What is needed is an exact copy of the lines from the line holding "Food falafel - Street" through the end of the material, with no other lines and no pictures.

[Opening DATA SECTION section]

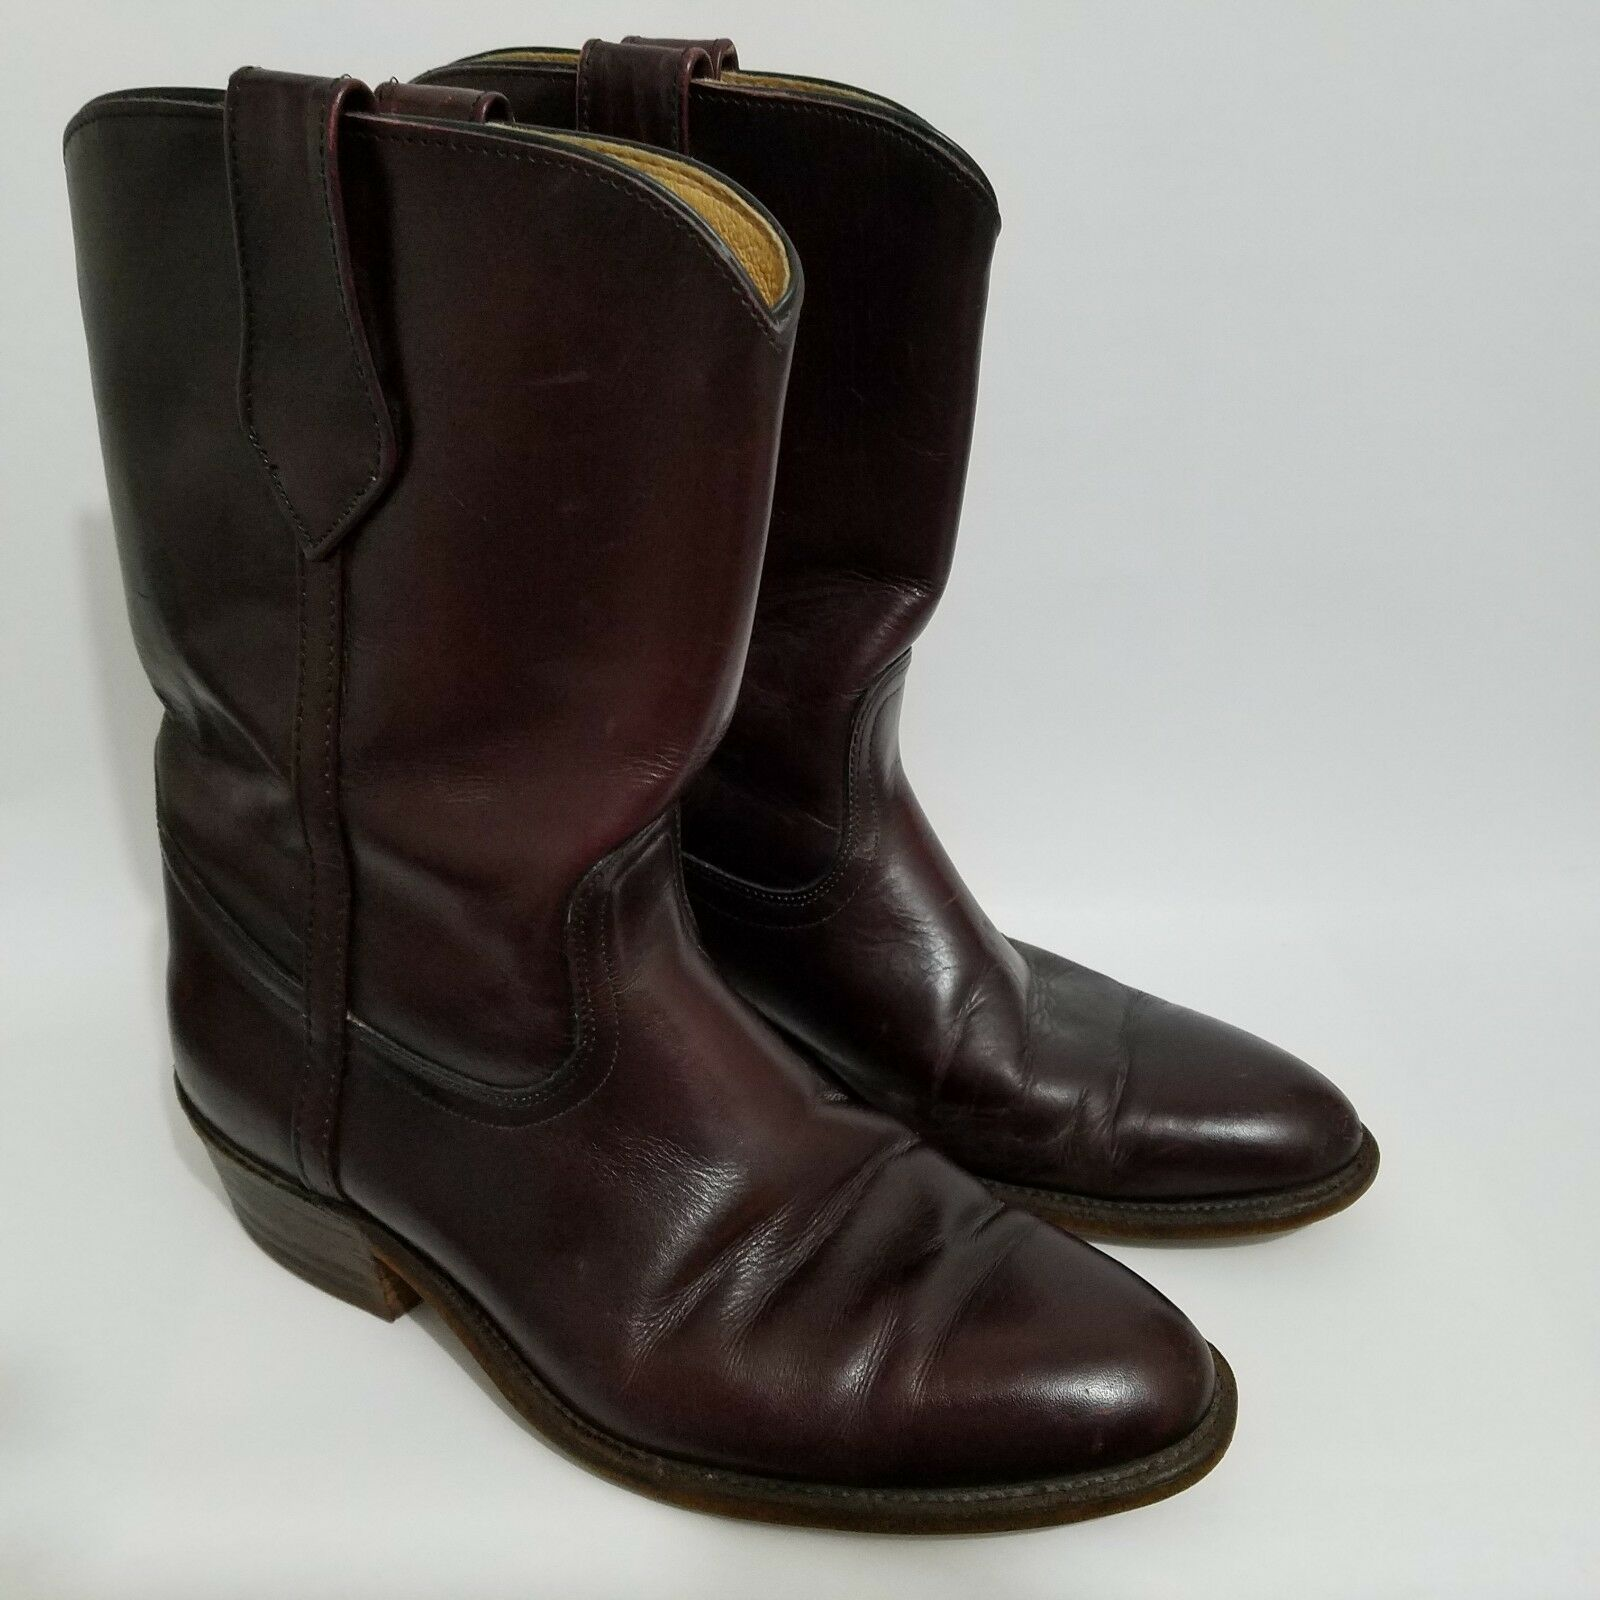 Frye Western Stiefel Mens 9.5 Medium Leather Burgundy rot Point Toe 3150 USA
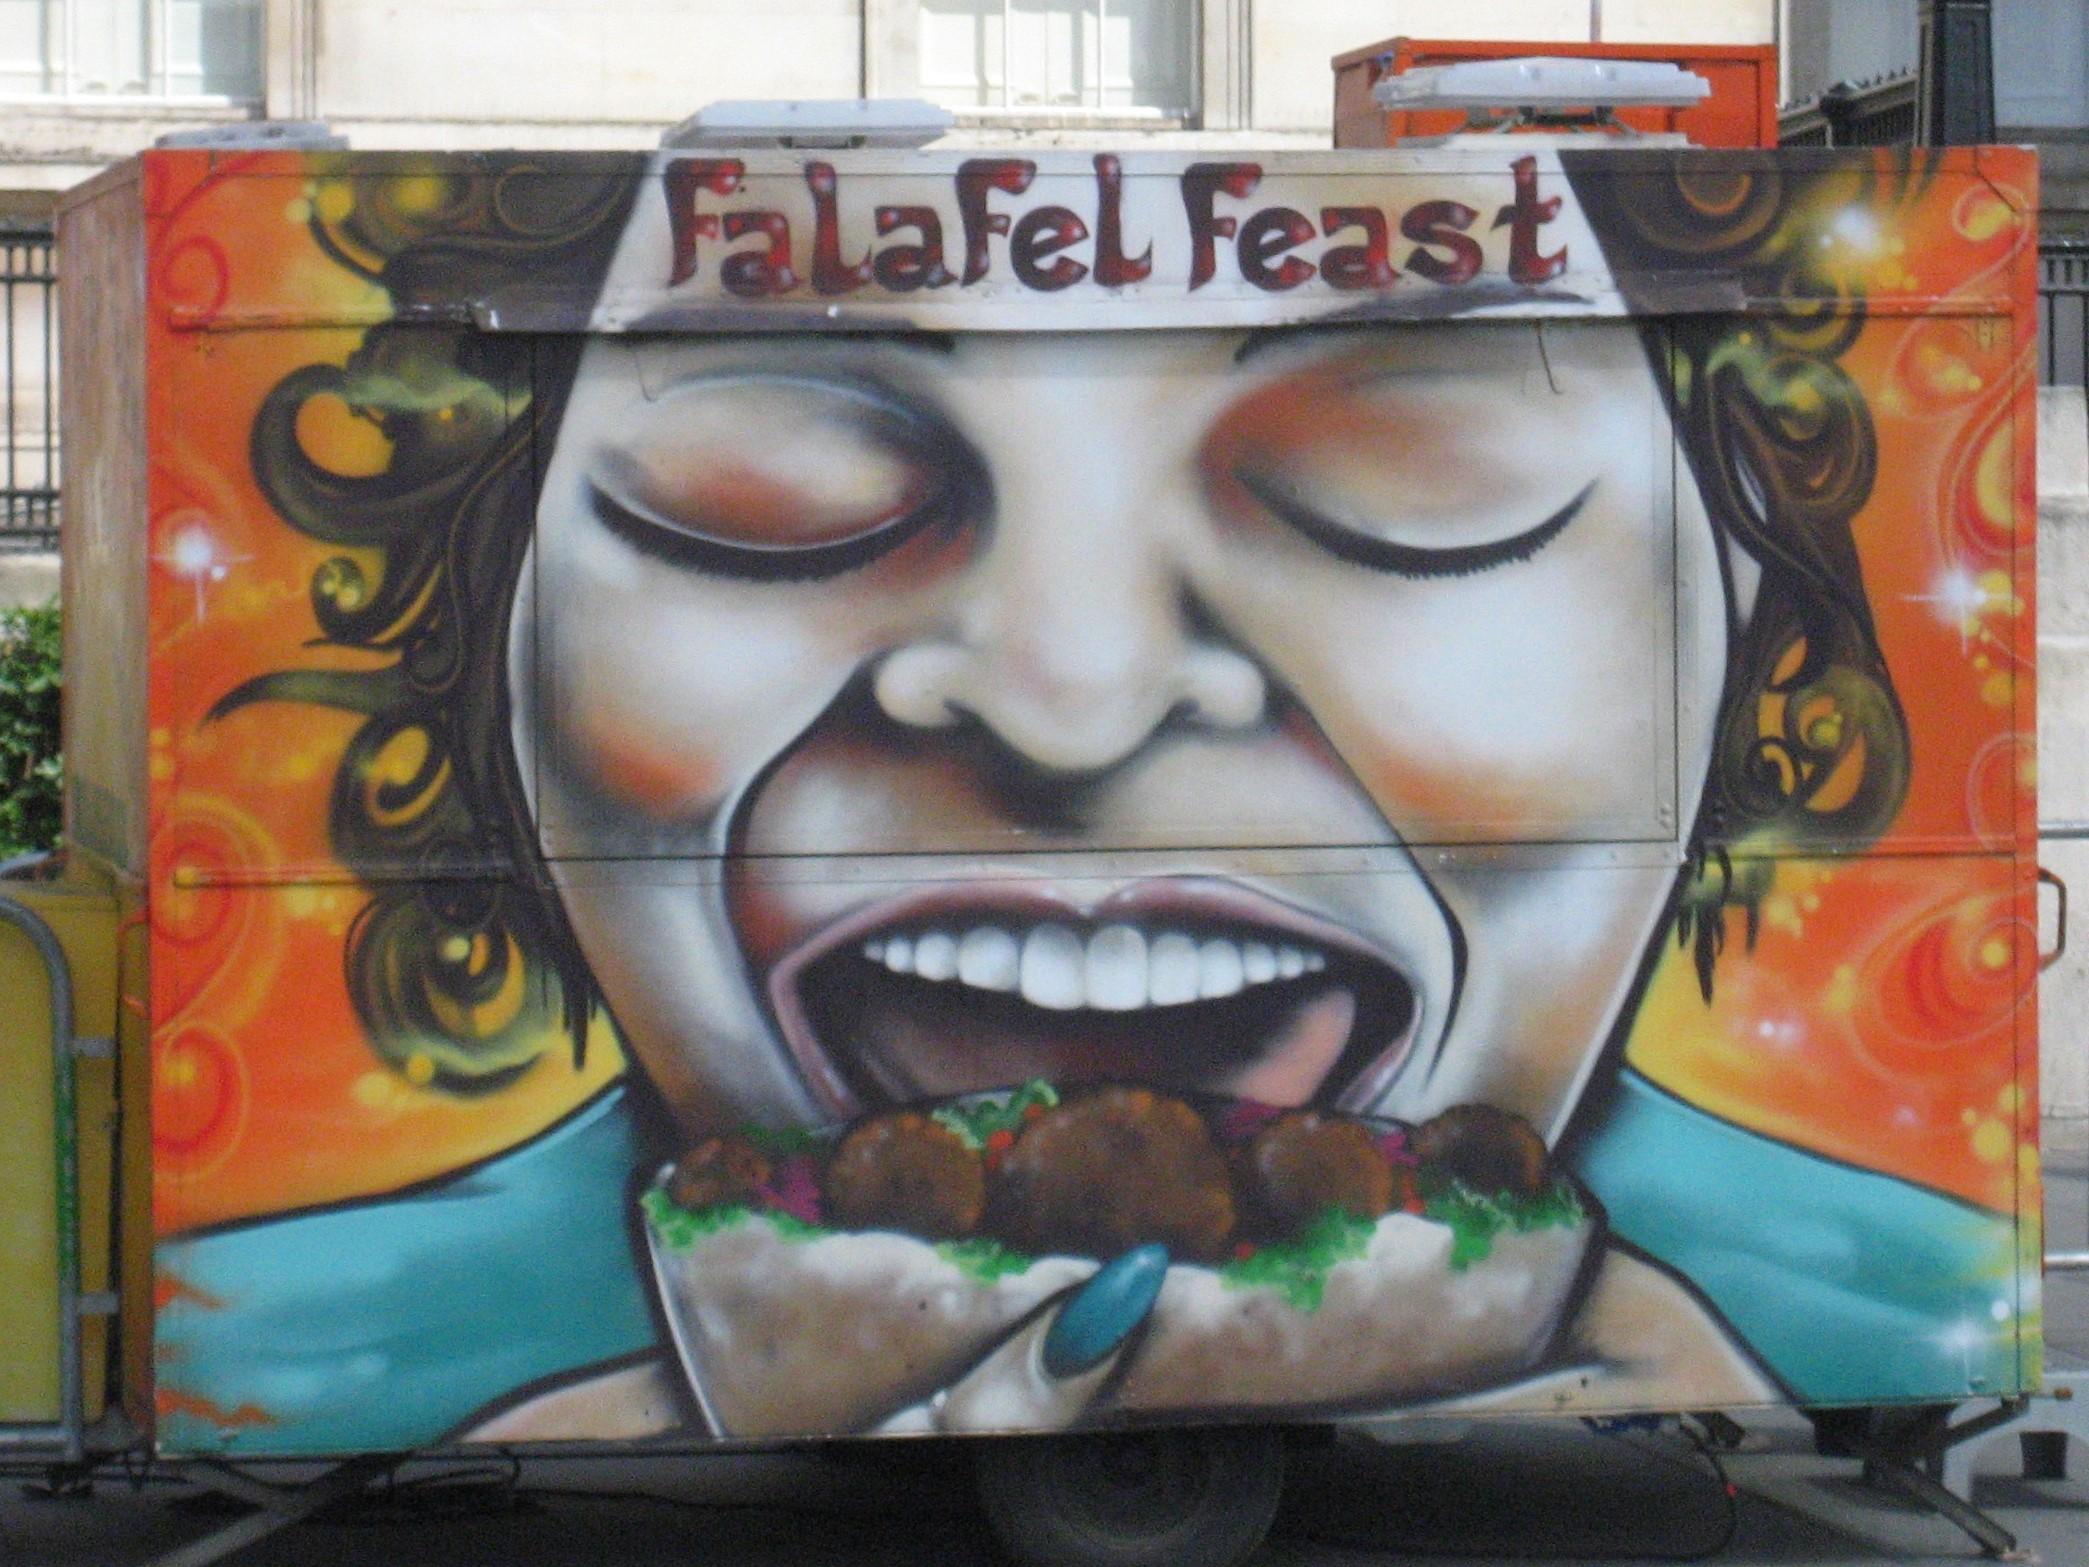 Food falafel - Street Art UK - London - by Steve Nimmons
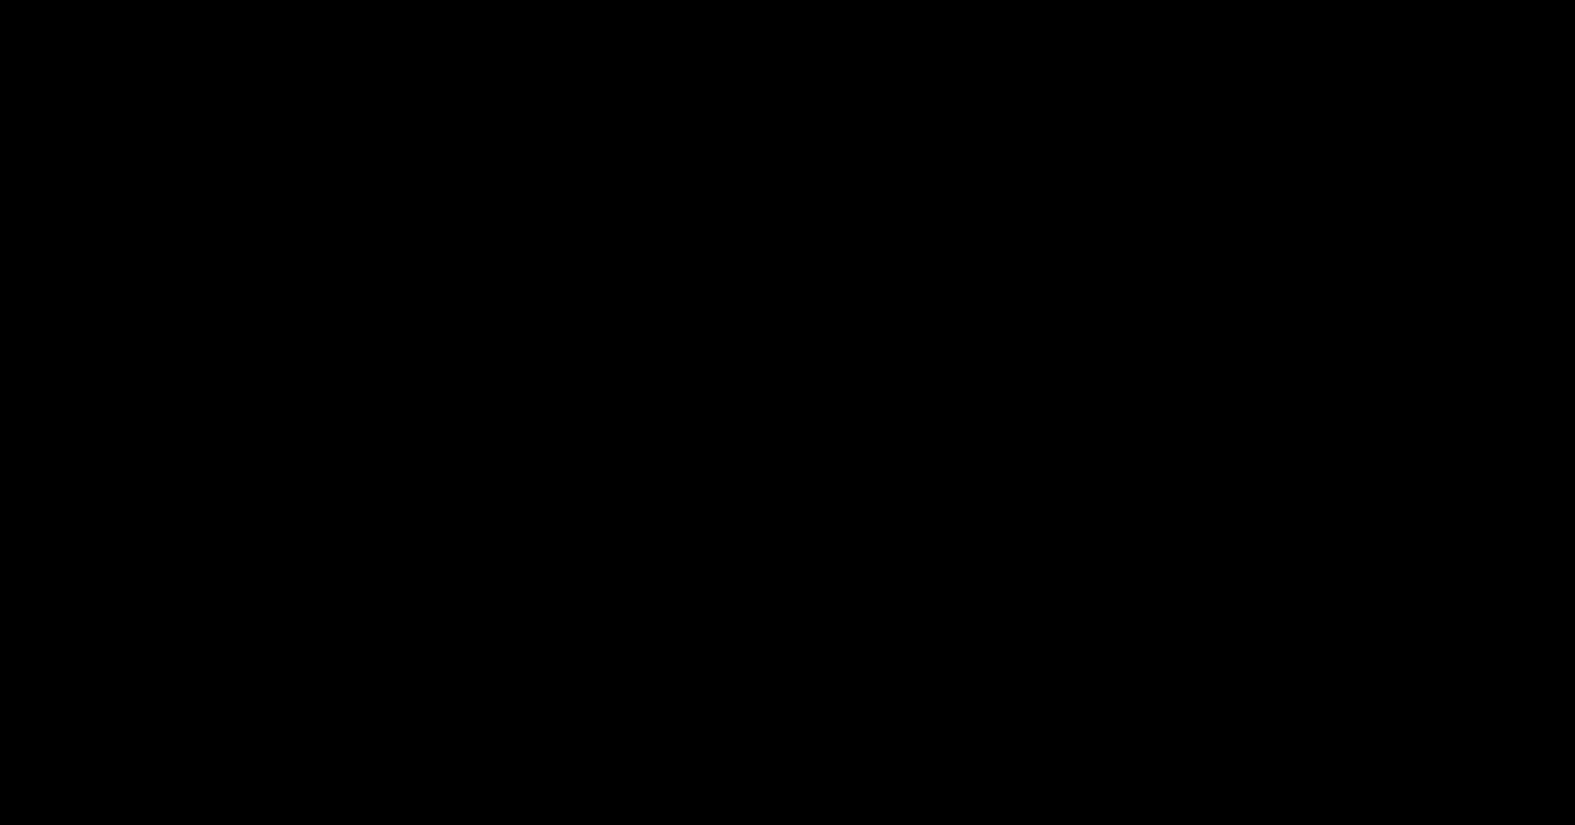 Asus Logo PNG Download Image.

[Closing DATA SECTION section]

FINISHED EXERCISE:
 Food falafel - Street Art UK - London - by Steve Nimmons
 Asus Logo PNG Download Image.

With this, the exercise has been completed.